One of the key advantages of the Open MPI (and therefore OMPIO) architecture is its ability to influence the performance of component through MCA parameters, without having to recompile the library or the application. To retrieve the full list of MCA parameters of a given component, please refer to the man pages of the ompi_info tool. As an example, the following command
ompi_info --level 9 --param io ompio
will display all parameter of the ompio component.

MCA parameters of the ompio component

The most important parameters influencing the performance of an I/O operation are listed below:

MCA parameters of the fs components

The main parameters of the fs components allow to manipulate the layout of a new file on a parallel file system.

MCA parameters of the fbtl components

No performance relevant parameters are available for the fbtl components at this point.

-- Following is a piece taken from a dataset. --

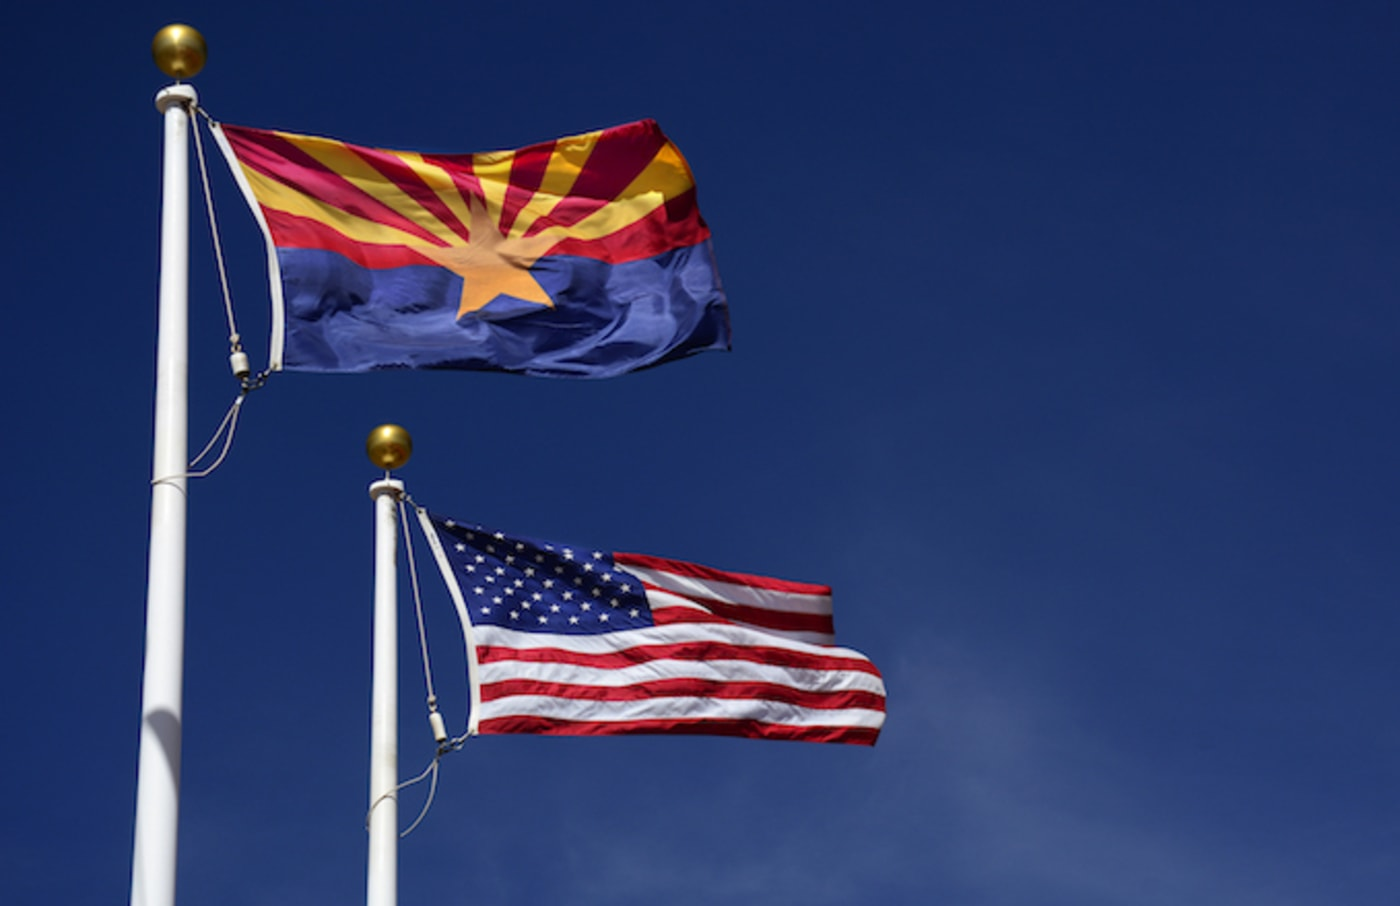 Arizona state flag flies beside the United States flag

MCA parameters of the fcoll components

The design of the fcoll frameworks maximizes the utilization of parameters of the OMPIO component, in order to minimize the number of similar MCA parameter in each component. For example, the two_phase, dynamic segmentation, static segmentation components all retrieve the io_ompio_bytes_per_agg parameter to define the collective buffer size and the io_ompio_num_aggregators to force the utilization of a certain number of aggregators.

MCA parameters of the sharedfp components

No performance relevant parameters are available for the sharedfp components at this point.

Tuning guidelines

The most relevant parameter that can be tuned in advance is the io_ompio_bytes_per_agg parameter of the OMPIO component. This parameter is essential for the selection of the collective I/O component as well for determining the optimal number of aggregators for a collective I/O operation.

This is a file system specific value, independent of the application scenario. To determine the correct value on your system, take an I/O benchmark, e.g. the IMB or IOR benchmark, and run an individual, single process write test. E.g. for IMB

mpirun -np 1 ./IMB-IO S_write_indv
For IMB, use the values obtained for AGGREGATE test cases. Plot the bandwidth over the message length. The optimal value for io_ompio_bytes_per_agg is the smallest message length which (nearly) saturates the bandwidth of the file system. (Note: Make sure that the io_ompio_cycle_buffer_size parameter is set to -1 when running this test, which is its default value). The value of io_ompio_bytes_per_agg could be set by system administrators into the system wide Open MPI configuration file, or by users individually. See the FAQ entry on setting MCA parameters. for all details.

For more exhaustive tuning of I/O parameters, we recommend the utilization of the Open Tool for Parameter Optimization (OTPO) a tool specifically designed to explore the MCA parameter space of Open MPI.